The private respondent concedes that her ailment, ureterolithiasis, is not included in Annex A of the Rules
on Employees Compensation. Nevertheless, she asserts that she was able to prove that the risk of contracting it
was increased by the exigency and nature of her work. Her burden of evidence did not require the presentation of
proof beyond reasonable doubt nor a preponderance of evidence. It was enough that she adduced substantial
evidence. In cases filed before administrative or quasi-judicial bodies, like the ECC, a fact is deemed established if
it is supported by substantial evidence or that amount of relevant evidence which a reasonable mind might accept
as adequate to justify a conclusion.

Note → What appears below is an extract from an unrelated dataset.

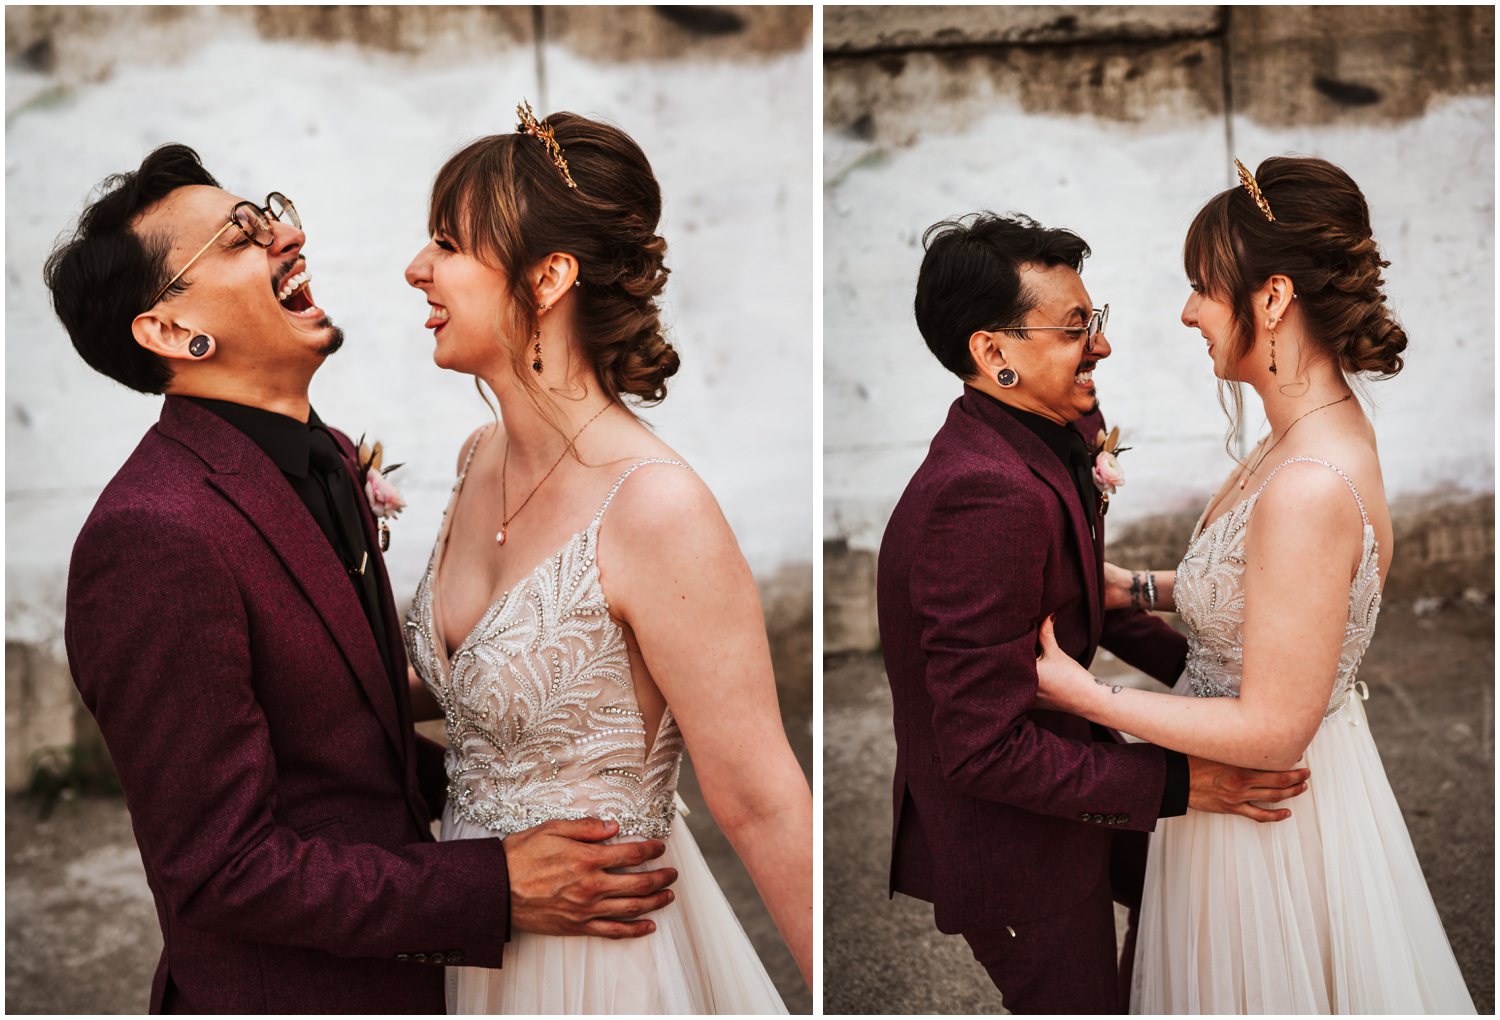 Ovation Chicago Wedding Photos - crazy bride and groom

It was then enough if the private respondent was able to show that the nature
of her work or her working conditions increased the risk of her contracting ureterolithiasis. Certainly, it was not
necessary for her to breach the parameters of substantial evidence and to cross the difficult area of
preponderance of evidence. We agree with the Court of Appeals that the private respondent successfully
discharged her burden of evidence and convincingly showed that, indeed, the nature of her work or her working
conditions increased the risk of contracting ureterolithiasis.

ORIENTAL SHIPMANAGEMENT CO., INC, Herrera and Bennet Shipping (principal) VS. NAZAL (2013) - Temporary
or partial total disability benefits
FACTS:
Nazal entered into a 12 month contract of employment, as a cook with Oriental for its principal, Benet; other than
his two earlier contracts with the petitioners. He was to receive USD500 plus other benefits. After he finished his
contracts, Nazal, through the company-designated physician, found to suffer from diabetes and high blood
pressure. He then asked for compensation and medical assistance, but the agency denied his requests and was
advised to not work again. After receiving a certification that he is unfit to work as a seaman, Nazal demanded
permanent total disability compensation from petitioners contending that his ailments developed during his
employment with the latter.
The LA dismissed Nazals complaint principally on the ground that the latter failed to comply with the mandatory
reporting requirement under his standard employment contract. On appeal, the NLRC favored Nazal and
emphasized that Nazals subsequent voyage did not prove that he had not been sick or that his sickness had not
been aggravated by his work on board the vessel. The CA dismissed the petition outright for having been filed out
of time.
ISSUE:
WON the petitioner and its principal are liable for partial total disability benefits.
HELD:
The SC find no substantial evidence supporting the ruling that the agency and its principal are liable to Nazal by
way of temporary or partial total disability benefits. The labor tribunal and the appellate court grossly
misappreciated the facts and even completely disregarded vital pieces of evidence in resolving the case.
First. Nazal disembarked from the vessel for a "finished contract," not for medical reasons. The absence of a
medical report or certification of Nazals ailments and disability only signifies that his post-employment medical
examination did not take place as claimed.
Second. While we have ruled out laches as a bar to Nazals claim, the inordinate delay in the institution of the
complaint casts a grave suspicion on Nazals true intentions against the petitioners. It took him two years and 10
months to file the complaint.
It is unfortunate that Nazal died before the case could be resolved, but his death cannot erase the fact that his
claim for disability benefits was brought against the wrong party, nor the reality that his claim against the
petitioners suffered from fatal defects.